Measuring Up

by Jenny Harrison

“It is not the style of clothes one wears, neither the kind of automobile one drives, nor the amount of money one has in the bank, that counts. These mean nothing. It is simply service that measures success.”
~~George Washington Carver

Do not conform any longer to the pattern of this world, but be transformed by the renewing of your mind. Then you will be able to test and approve what God’s will   is–his good, pleasing and perfect will.
Romans 12:2 (NIV84)

Over the years, I have delighted in watching my husband perform his trade as a master cabinet maker. His patience, attentiveness to detail, and pride in his work are rare qualities in this day and time. Dale can take what looks like a random pile of lumber and produce a masterpiece suitable of being a potential heirloom. To say that I am in awe of his skills is truly an understatement.

Dale, my personal craftsman, has the ability to determine measurements with speed and accuracy. If his calculations are off, even slightly, it affects his final product. And though faulty measurements may not always appear to negatively impact his handiwork, a closer examination will usually reveal a compromised structure. With time and continued use these flaws are ultimately detrimental to the framework and function.
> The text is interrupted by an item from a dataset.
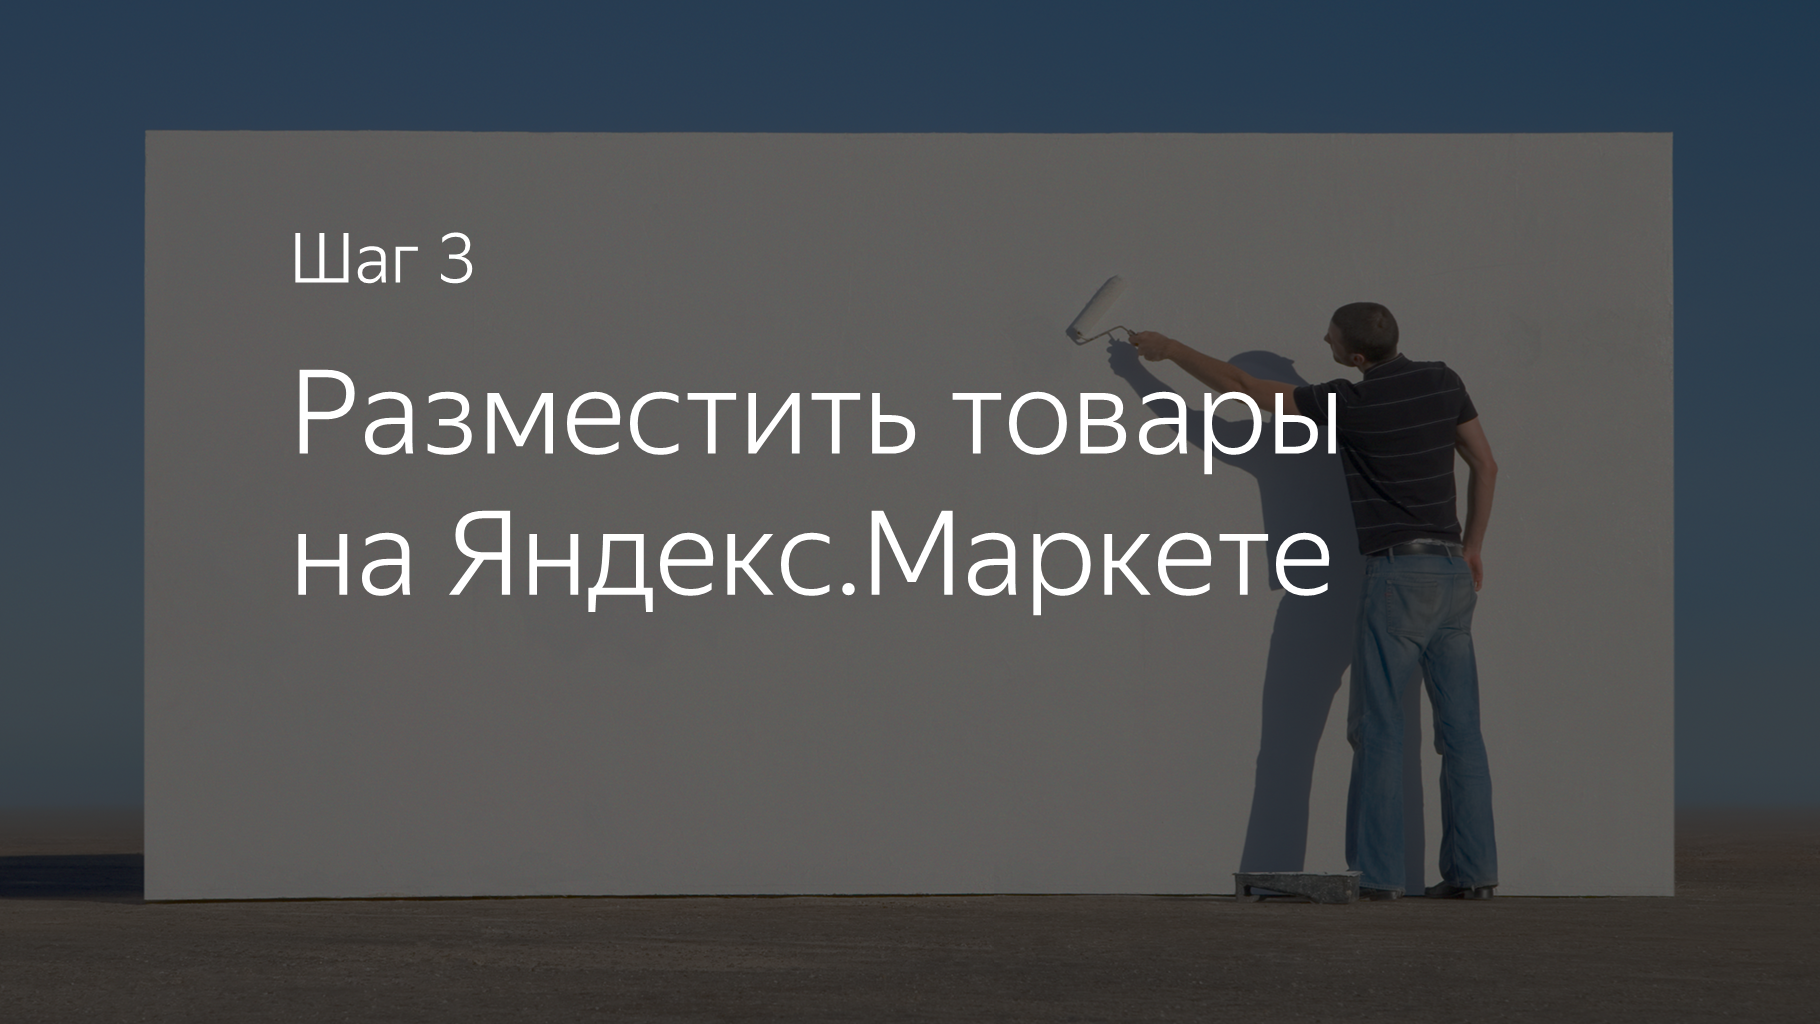 Шаг 3 Разместить товары на Яндекс.Маркете
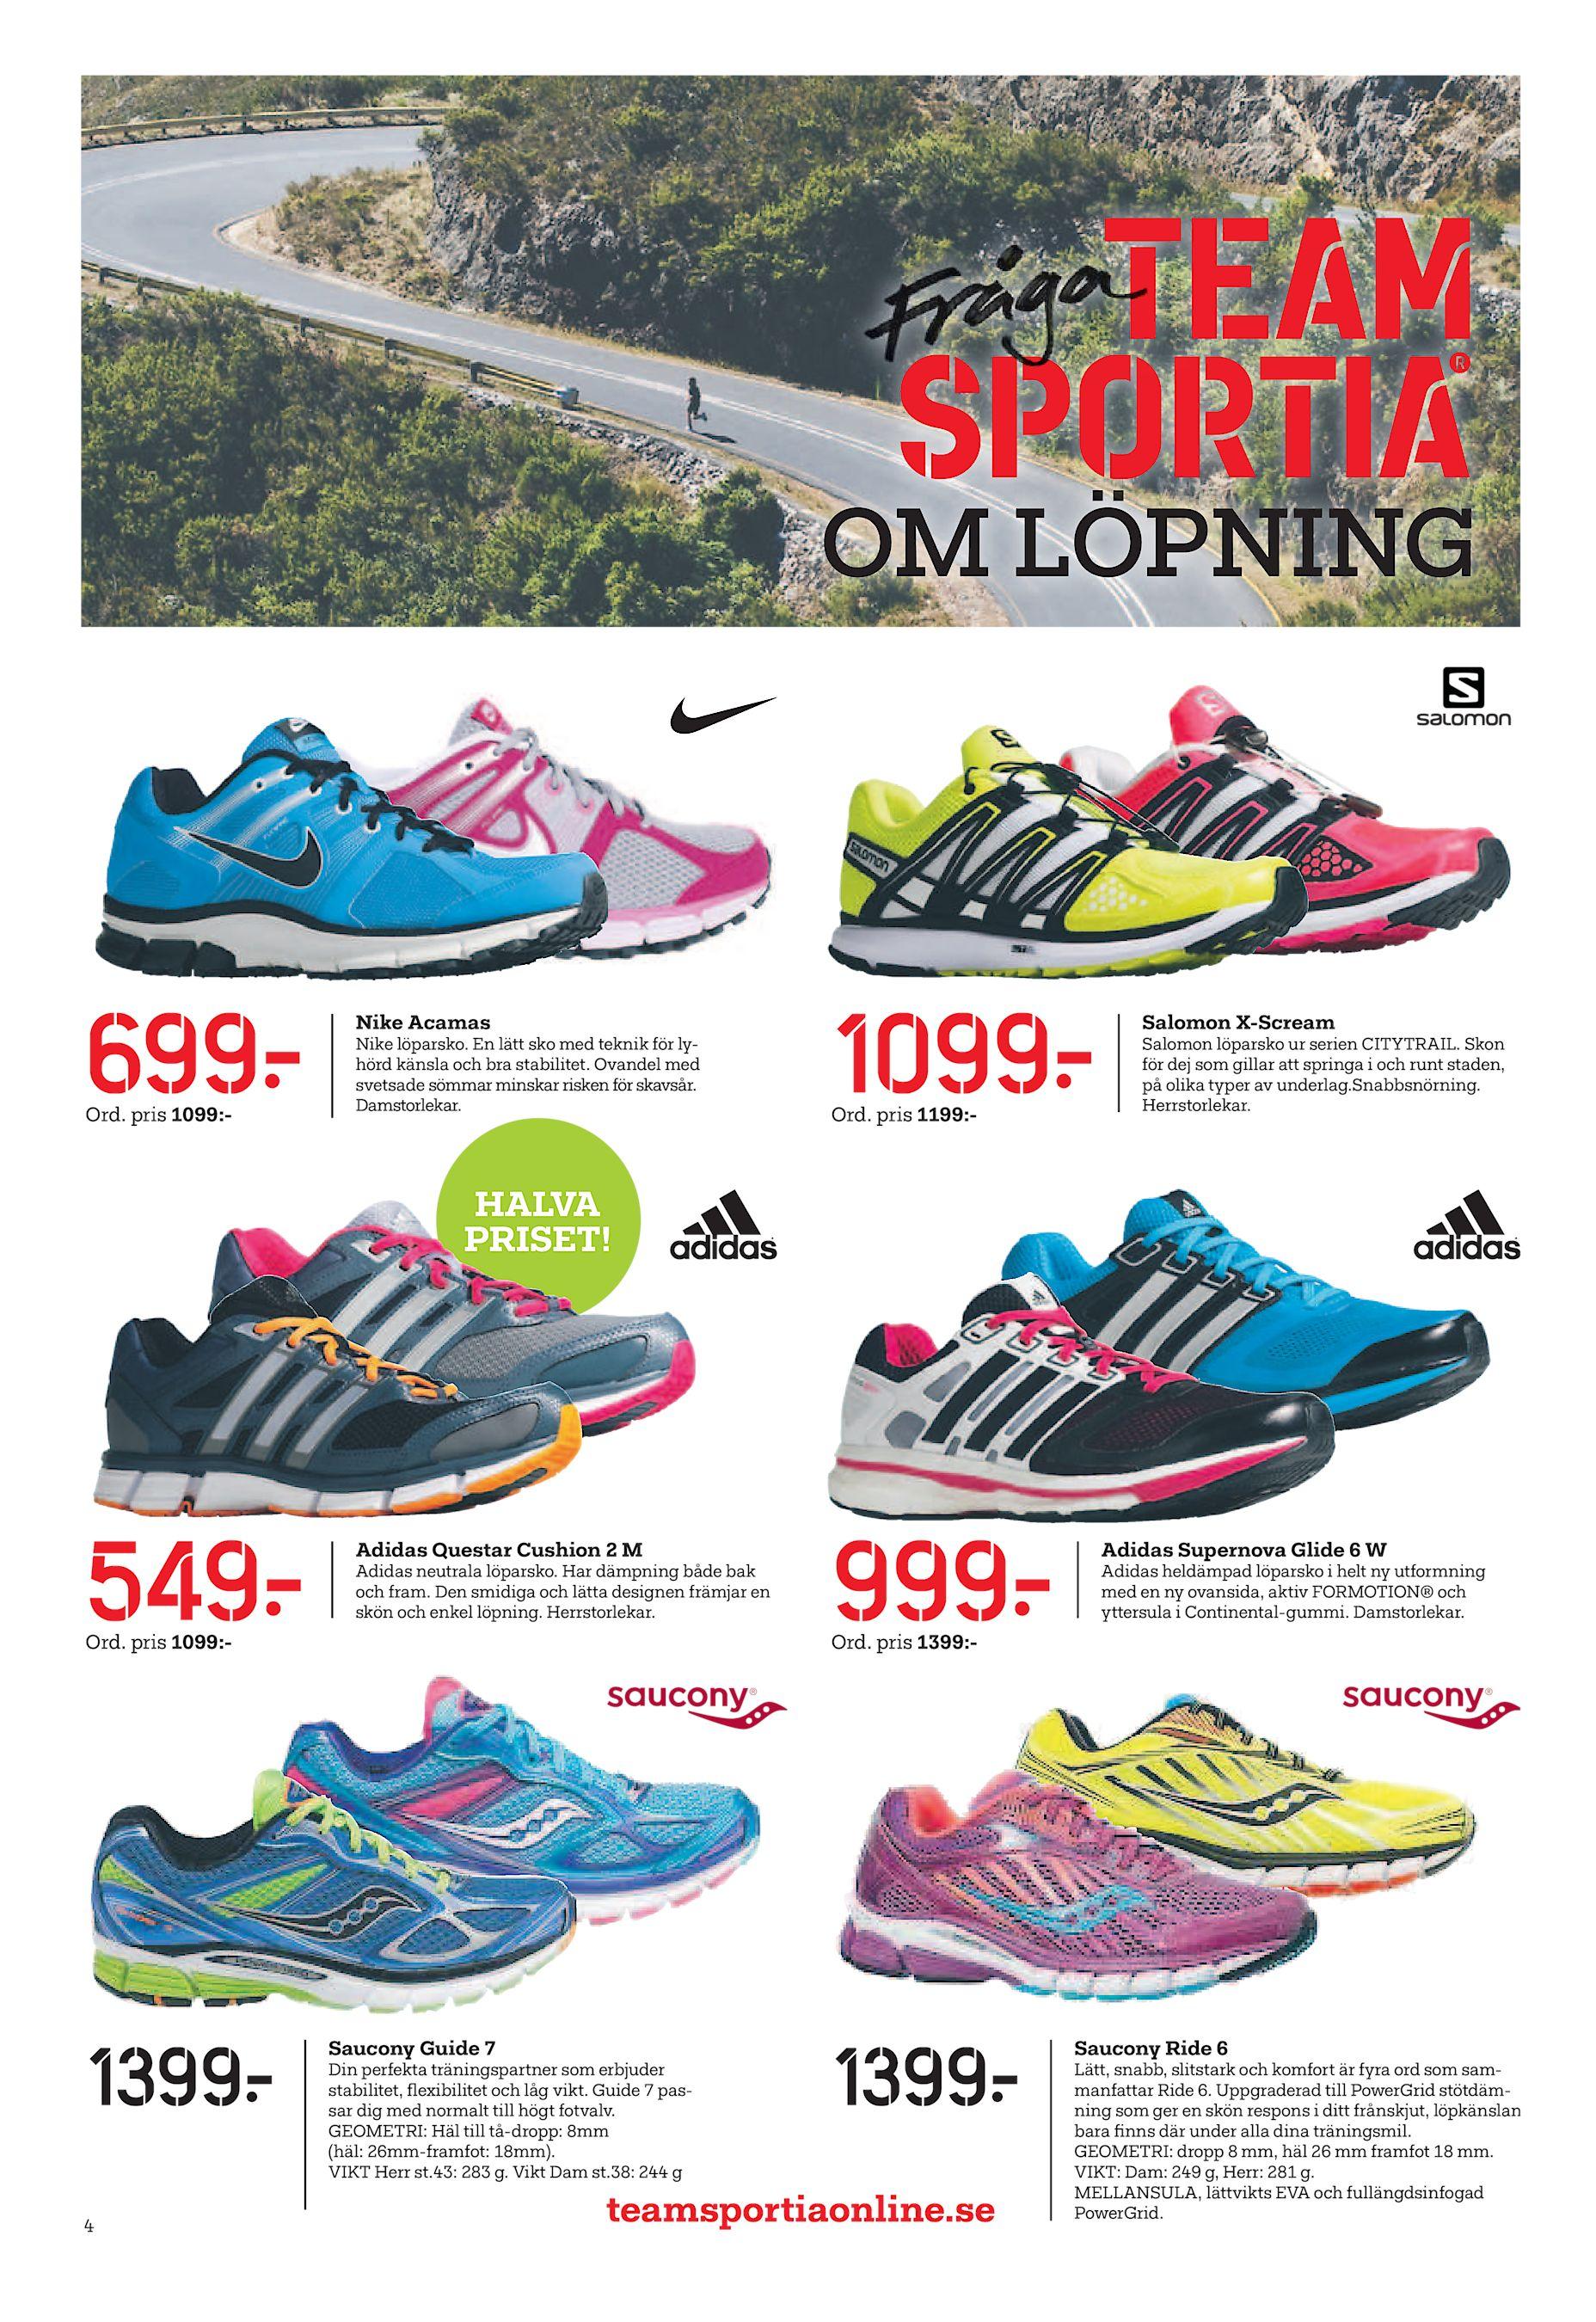 on sale a23fb 3d9b4 OM LÖPNING 699  Ord. pris 1099 - Nike Acamas Nike löparsko. En lätt sko med  teknik för lyhörd känsla och bra stabilitet. Ovandel med svetsade sömmar  minskar ...

Considering this process motivates me to think about how “faulty measurements” in my own life can tear away at my personal framework, as well. It seems all too easy to be consumed with praise and approval from the world. The problem is this is never quite dependable.

When I choose to adopt public opinion as a measuring stick for self value and worth my inner structure— my heart, my soul, my mind are compromised, and my internal framework begins to deteriorate at its core. The Bible clearly speaks of this type of praise.

For it is not the one who commends himself who is approved, but the one whom the Lord commends.
2 Corinthians 10:18 (NIV 82)

What standards do you typically use to measure your worth and success? I have managed to rate my worth from a grade-point average, a number on the scale, or how many items I can check off my (insignificant) “to do” list.

I can imagine my sweet Lord saying, “My dear child, you are totally not getting it! The measurements that impress the world mean nothing to me. Only when you use all I have given you to labor for my cause   will you build a strong internal framework, one that will stand the test of time and be worthy of passing from one generation to the next.”

Dearest Lord and Savior, I come to you now asking for divine wisdom that comes from you and you alone. I no longer desire to conform to the standards and pattern of the world and yet in my weak moments I tend to run back to that old unhealthy but familiar place. My faulty methods of self measurement leave me weak, void, and tend to fill my heart with despair. Precious Savior please renew my spirit so that my internal structure measures up to what is truly important–your good and perfect will. In your most Holy name I pray. Amen.